Job Description

About the Role: We are looking for a Senior Solutions Consultant with deep Hadoop knowledge and strong enterprise presence.

You'll be the principal technical owner of ODP (open data platform) deployments - responsible not just for standing up the platform, but for guiding a customer's infrastructure, security and database teams to the right architectural decisions, and for making those decisions stick in environments where security and change control are non-negotiable.
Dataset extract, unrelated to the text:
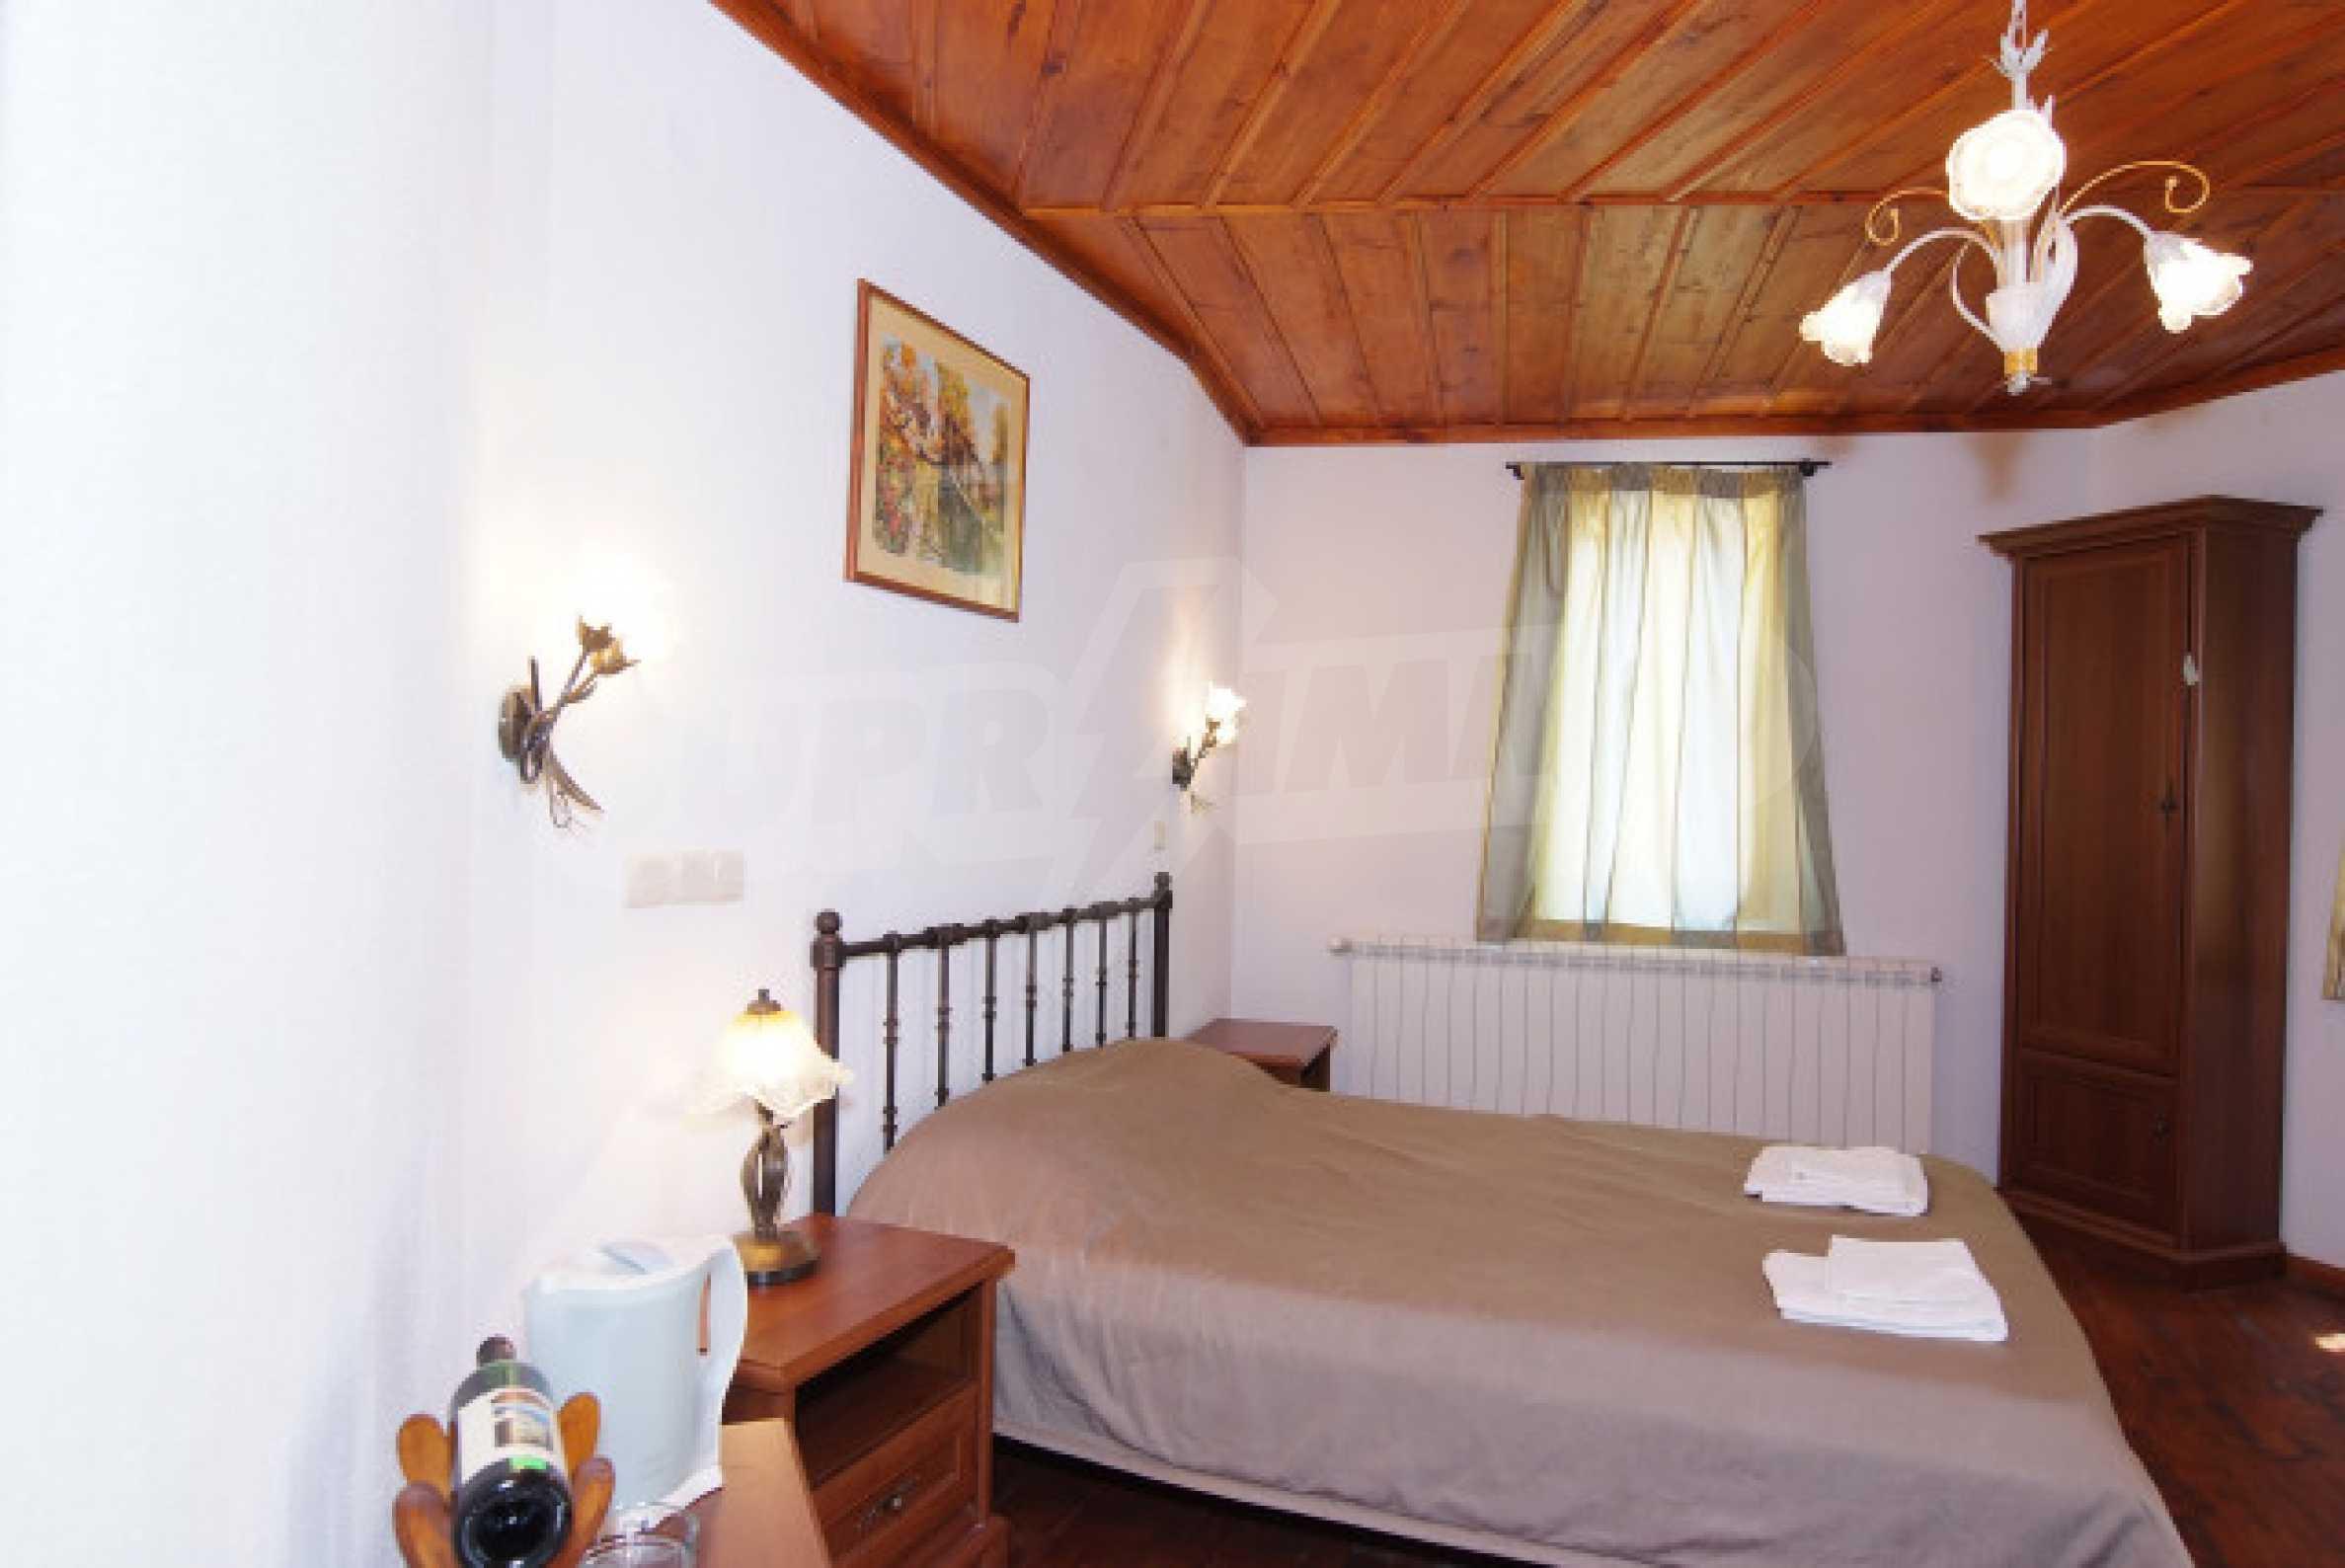 Семеен хотел в центъра на град Мелник 22
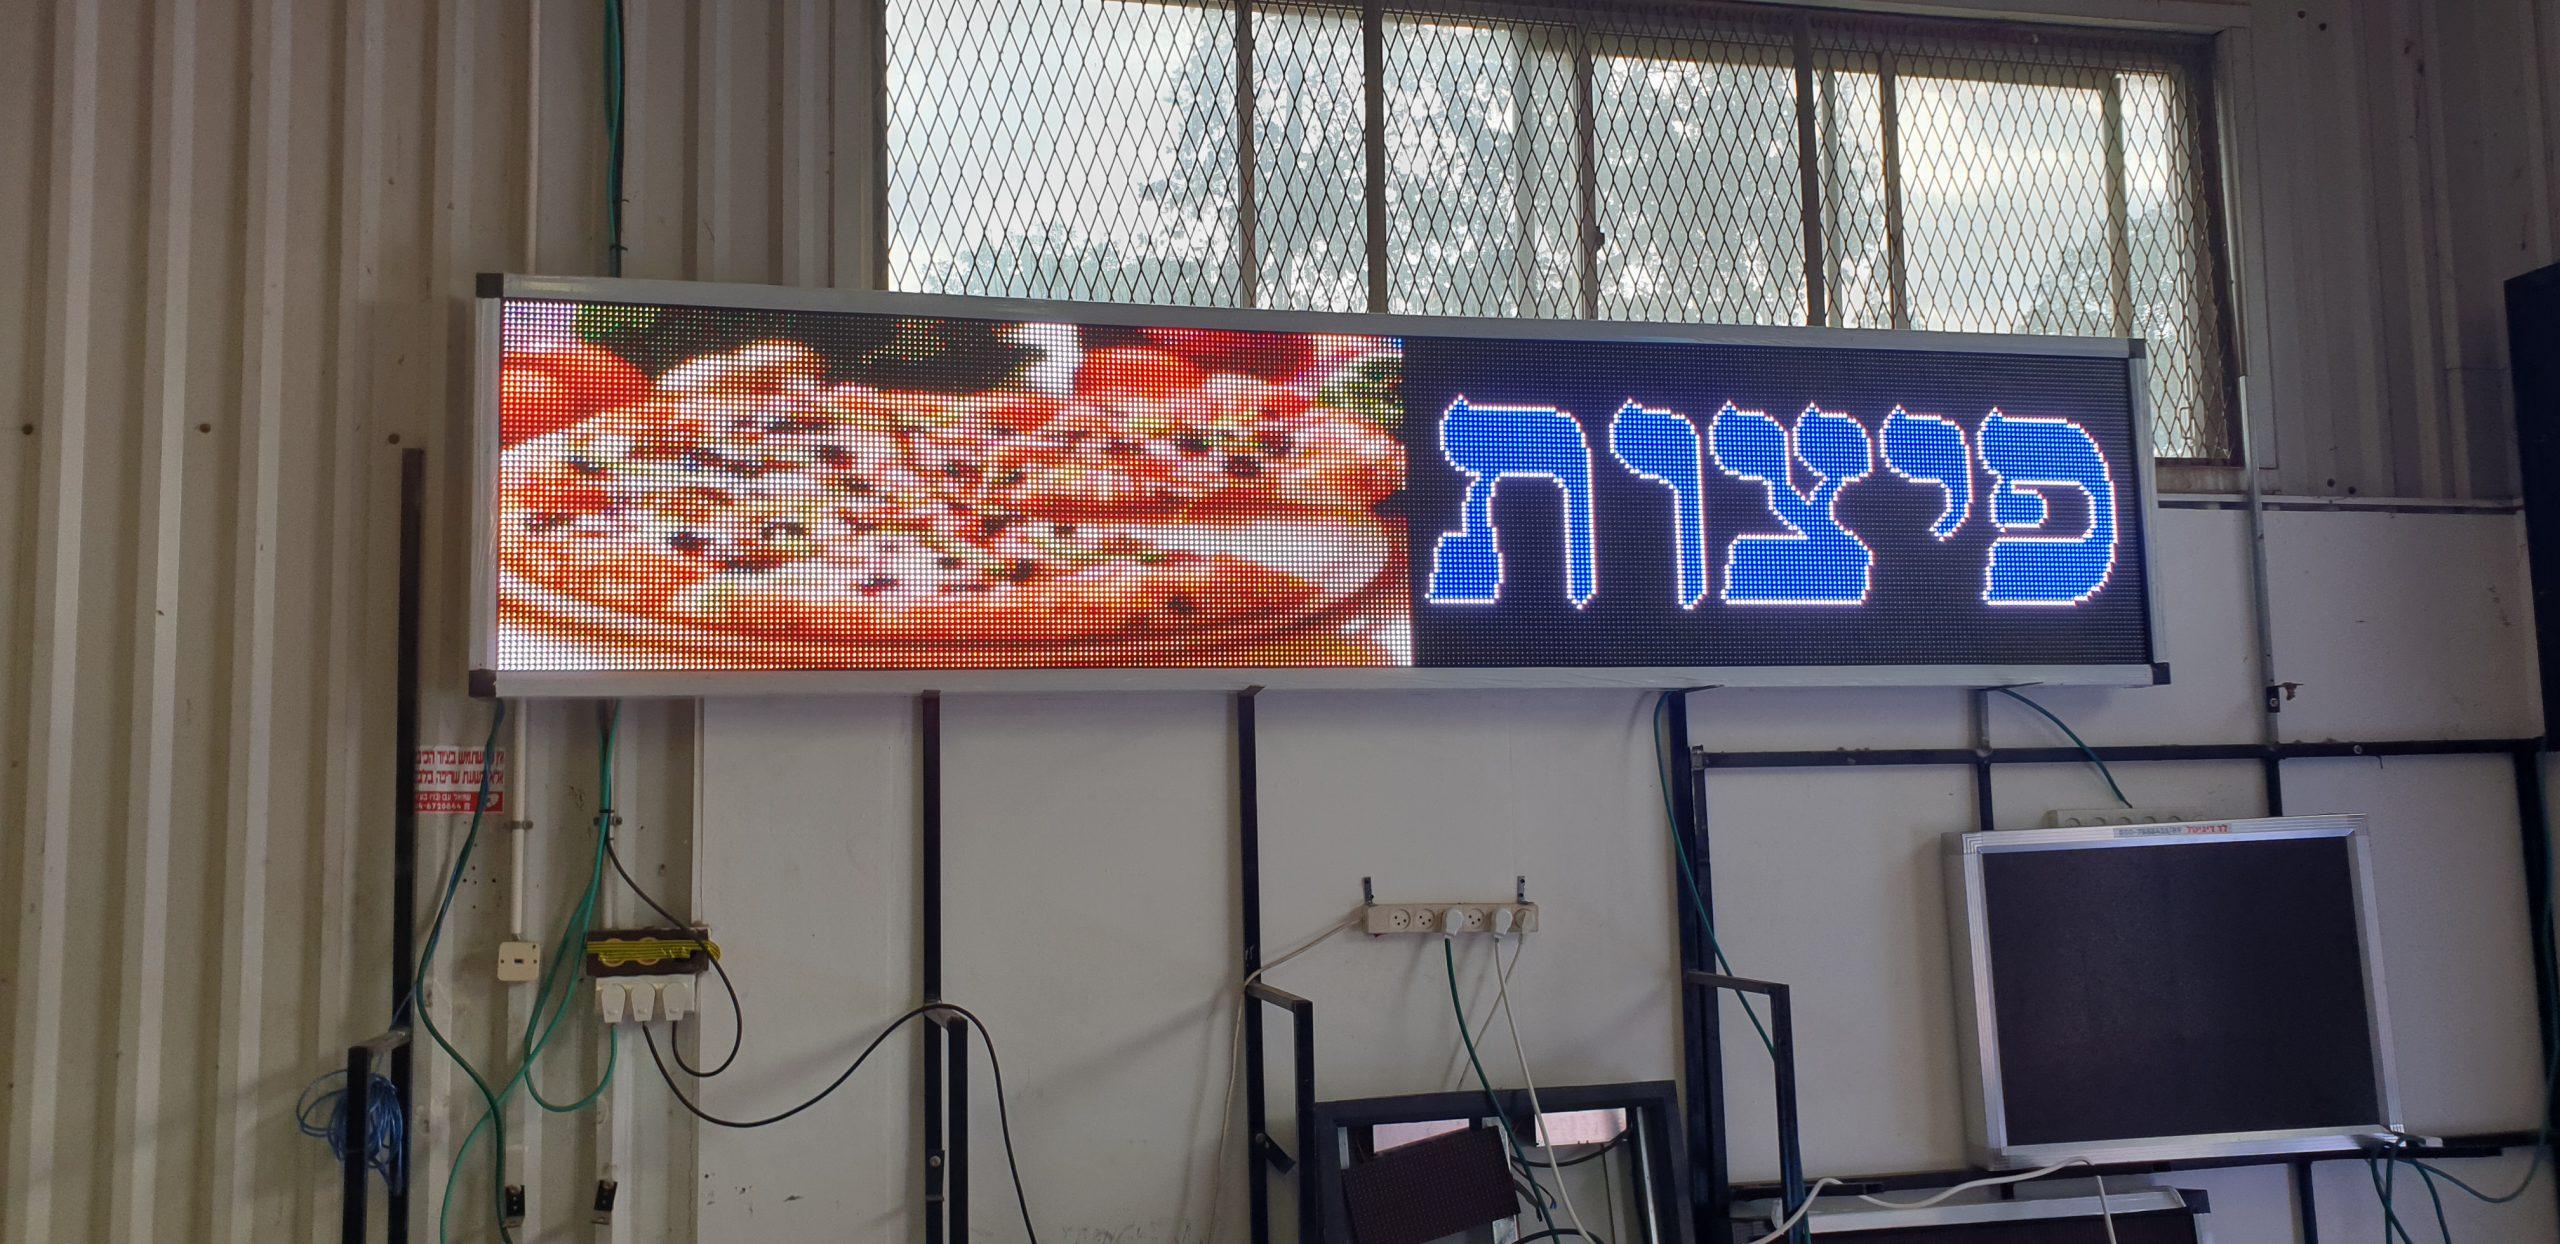 שלט לד לפיצה, שלטי לד לפיצריות - לד דיגיטל

This is a hands-on role with a consultative position. You'll be equal parts architect, engineer and trusted advisor: designing the target-state cluster, executing the build, and translating hard technical trade-offs into terms a customer's stakeholders can act on. You are the person the customer relies on to get a secure, scalable platform right the first time.

What we look for:
  • Own cluster architecture and deployment. Lead end-to-end deployment of Acceldata ODP managed via Apache Ambari. Define cluster topology - master, slave and client node placement - sized to the customer's workload and infrastructure.
  • Prepare and harden infrastructure. Advise on and execute OS-level prerequisites on RHEL or Ubuntu: password-less SSH, DNS/NTP, firewall (iptables) rules, SELinux and PackageKit handling, and system tuning such as umask and open file descriptors.
  • Deliver secure and air-gapped deployments. Design and implement installations inside firewalled and air-gapped data centres using local mirror repositories or trusted HTTP proxy servers, working within the customer's change-control and compliance constraints.
  • Integrate backend databases. Provision and configure operational databases (Oracle, PostgreSQL, or MySQL/MariaDB), including schemas, users and JDBC drivers for core services - Ambari, Hive, Spark, Ranger and Schema Registry.
  • Extend the ecosystem via mpacks. Install, configure and troubleshoot components through Ambari Management Packs - Spark, Kafka, Flink, NiFi, Ozone, Airflow, Trino, ClickHouse, JupyterHub and MLflow.
  • Implement enterprise security. Stand up cluster security end-to-end: Kerberos integration, Apache Ranger authorization policies, SSL/TLS certificate management, LDAP/AD integration, and secure credential handling (e.g. obfuscating LDAP bind passwords via the Ambari Credential Store / JCEKS).
  • Advise and enable the customer. Run working sessions with the customer's infrastructure, security and DBA teams; document target-state architecture and handover runbooks; and coordinate with Acceldata engineering and account teams to unblock issues and drive long-term adoption.
  • 8+ years of experience in customer-facing product implementation, designing and deploying performant end-to-end data architectures, and solving complex migrations and deployments.
  • Comfortable writing code in either Java, Python or Scala.
  • Consult on design and architecture; implement strategic customer projects that lead to customers' successful understanding, evaluation, and adoption of Acceldata Data Observability Cloud.
  • Good understanding of Data management concepts like Data Quality, Data Catalog and Data Governance.
  • Must-Have Qualifications
  • Deep architectural knowledge of the Apache Hadoop ecosystem (HDFS, YARN, MapReduce, Hive, ZooKeeper).
  • Strong Linux system administration on RHEL and/or Ubuntu, with a real command of network configuration, firewall rules and system tuning.
  • Practical experience with enterprise security: Kerberos (KDC), SSL/TLS, LDAP/AD and Apache Ranger.
  • Comfort operating within the platform's runtime stack (Java and Python) for configuration and troubleshooting.
  • Excellent communication skills - able to explain hard technical trade-offs clearly to both engineers and senior stakeholders - and the autonomy to drive complex work with little supervision.
  • Strongly Preferred (Great Foundation)
  • Extensive experience managing Cloudera (CDH/CDP) or Hortonworks (HDP) distributions - this maps to an excellent foundation for the role.
  • Familiarity with several of the mpack components above (Spark, Kafka, NiFi, Trino, Ozone, MLflow, etc.) rather than all.
  • Experience delivering into regulated, secured or air-gapped environments.
  • Strong desire to tackle hard technical problems in Kubernetes; proven ability to do so with little or no direct daily supervision.
  • Ability to quickly learn new technologies and willingness to support working in different time zones, and may be required to travel up to 50% of the time to meet with customers.
  • Prior customer-facing / professional-services or consulting experience in enterprise environments.